Pakistan Deporting Afghans Who Seek Asylum from Taliban by Uzay Bulut

https://www.gatestoneinstitute.org/20263/pakistan-deporting-afghans

  • “Those at particular risk are civil society activists, journalists, human rights defenders, former government officials and security force members, and of course women and girls as a whole, who, as a result of the abhorrent policies currently in place in Afghanistan, are banned from secondary and tertiary education, working in many sectors and other aspects of daily and public life.” — UN Office of the High Commissioner for Human Rights, October 27, 2023.
  • “Asad and his family fled Afghanistan in 2021 when his friends and colleagues were murdered after the Taliban came to power. ‘I am on several lists maintained by the Taliban and I am certain I will be killed if I go back…'” — Amnesty International, November 10, 2023.
  • The terrorism that Pakistan complains about comes from the Taliban in Afghanistan — that Pakistan supported for decades — not from the Afghan asylum seekers in Pakistan.
  • What Pakistan has done… is to counter terrorists that challenge its own authority while actively supporting other terrorists who challenge other governments — particularly in India and the West.
  • There are no “good jihadist terrorists.”
  • What has caused an increase in terrorism in Pakistan is not Afghan refugees trying to survive there, but Pakistan’s own policies that, for decades, have empowered jihadist terrorists both domestically and abroad.

Pakistan has started the mass deportation of “unregistered” Afghans in the country.

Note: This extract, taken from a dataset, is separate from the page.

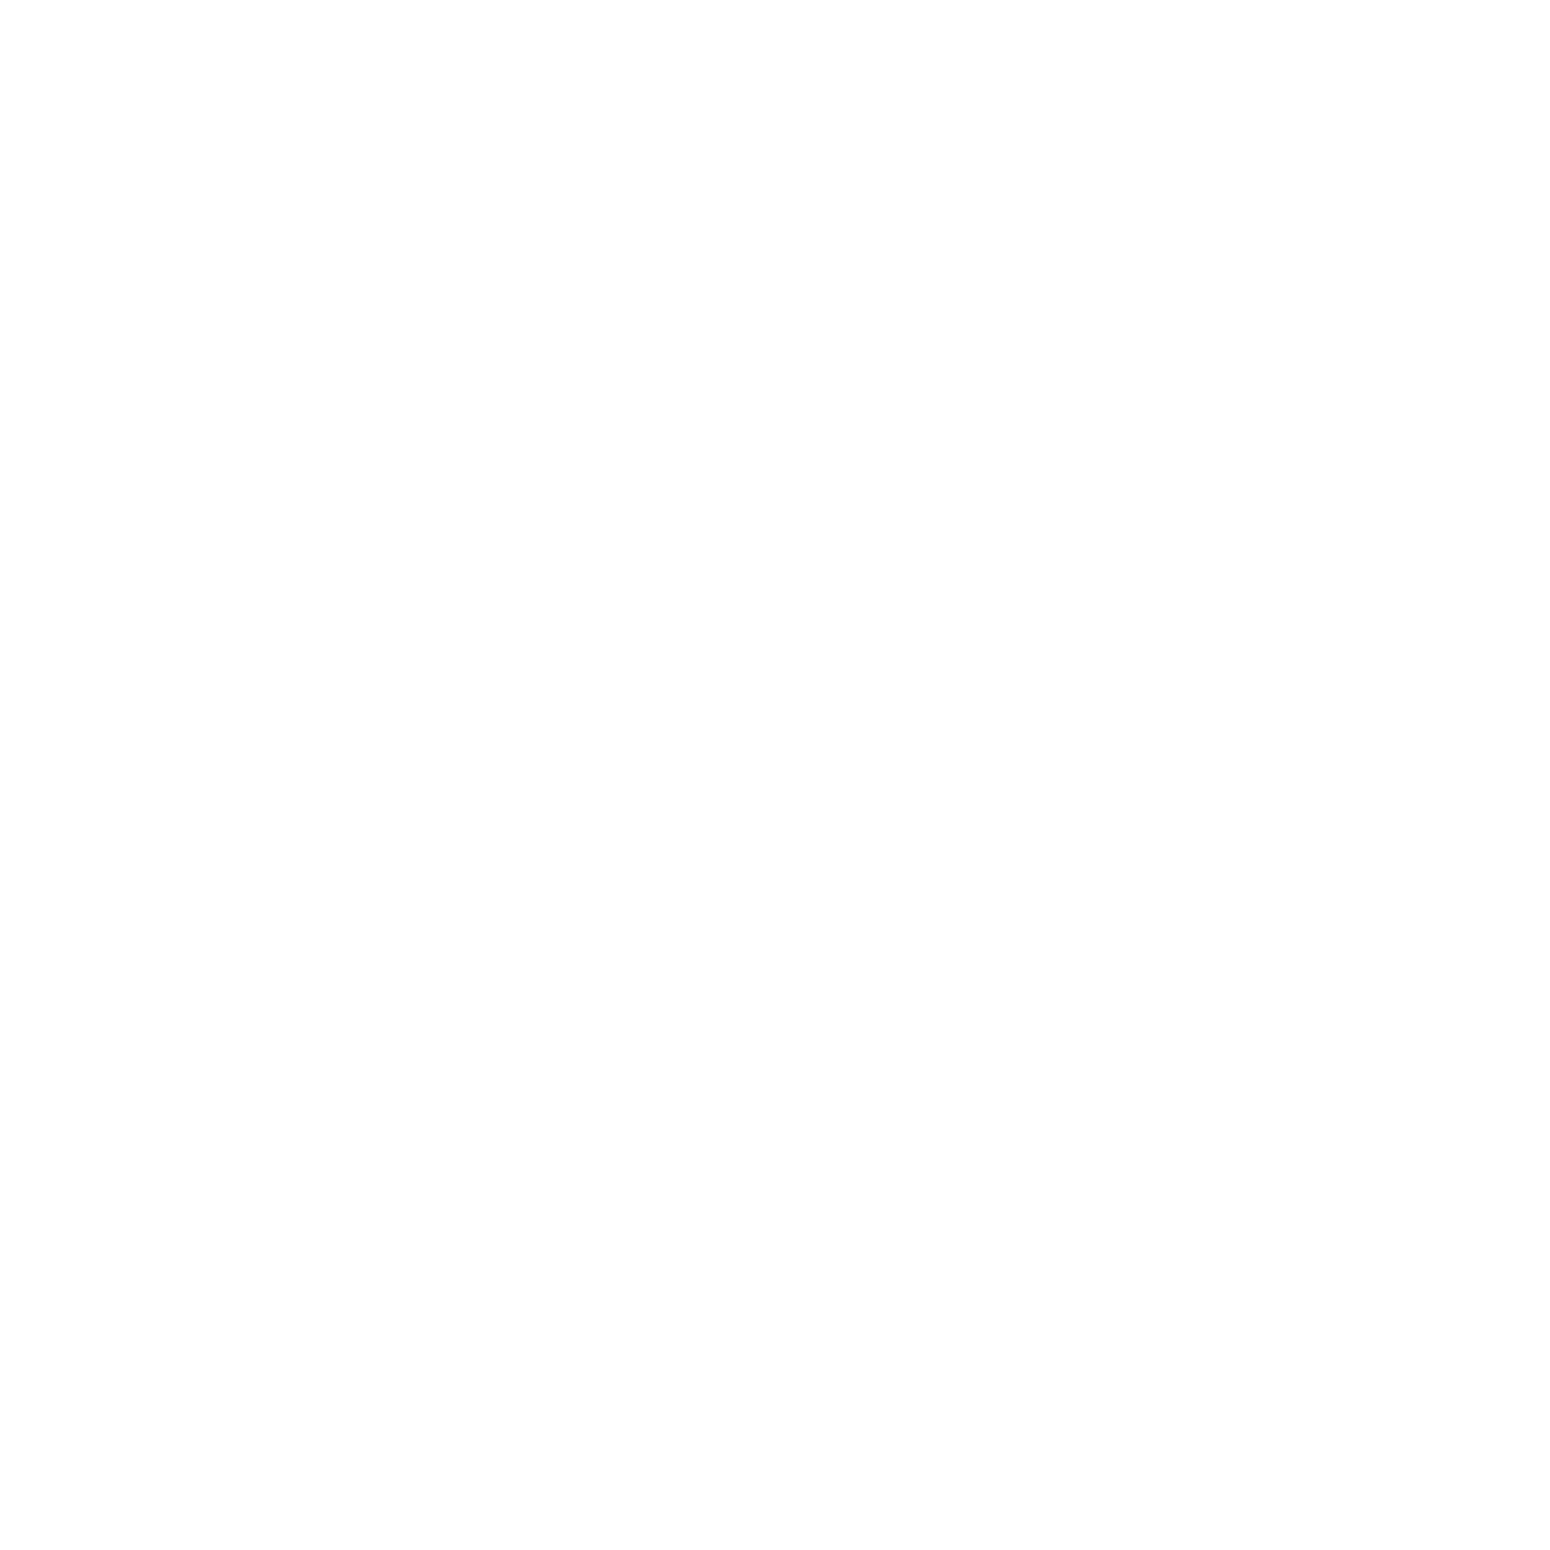 Volvo Logo History: The Volvo Symbol Meaning

The move sends back hundreds of thousands of people who fled the Taliban when they took over in 2021 after American troops withdrew, and violates principles of refugee non-refoulement. If forcibly returned, these refugees are at risk of persecution.

Pakistan claims its mass deportations of these Afghans is due to “increased terrorism” in the country — but it was the government of Pakistan that for decades supported the Taliban in Afghanistan. Ever since they took over the country in 2021, Afghanistan has just become a safe haven for terrorist groups.

In September, Pakistan’s government announced that it would carry out mass deportations of all “unregistered foreign nationals,” labeled under Pakistani law as the Illegal Foreigners Repatriation Plan. The plan demands that all such individuals leave the country before November 1, 2023. Police also reportedly warned landlords to avoid renting homes to undocumented refugees and migrants.

The Associated Press reported on November 13 that in recent weeks since Pakistani authorities started arresting and deporting foreign nationals without documentation, after the November 1 deadline for migrants without legal status to leave the country voluntarily, nearly 300,000 Afghans have left Pakistan.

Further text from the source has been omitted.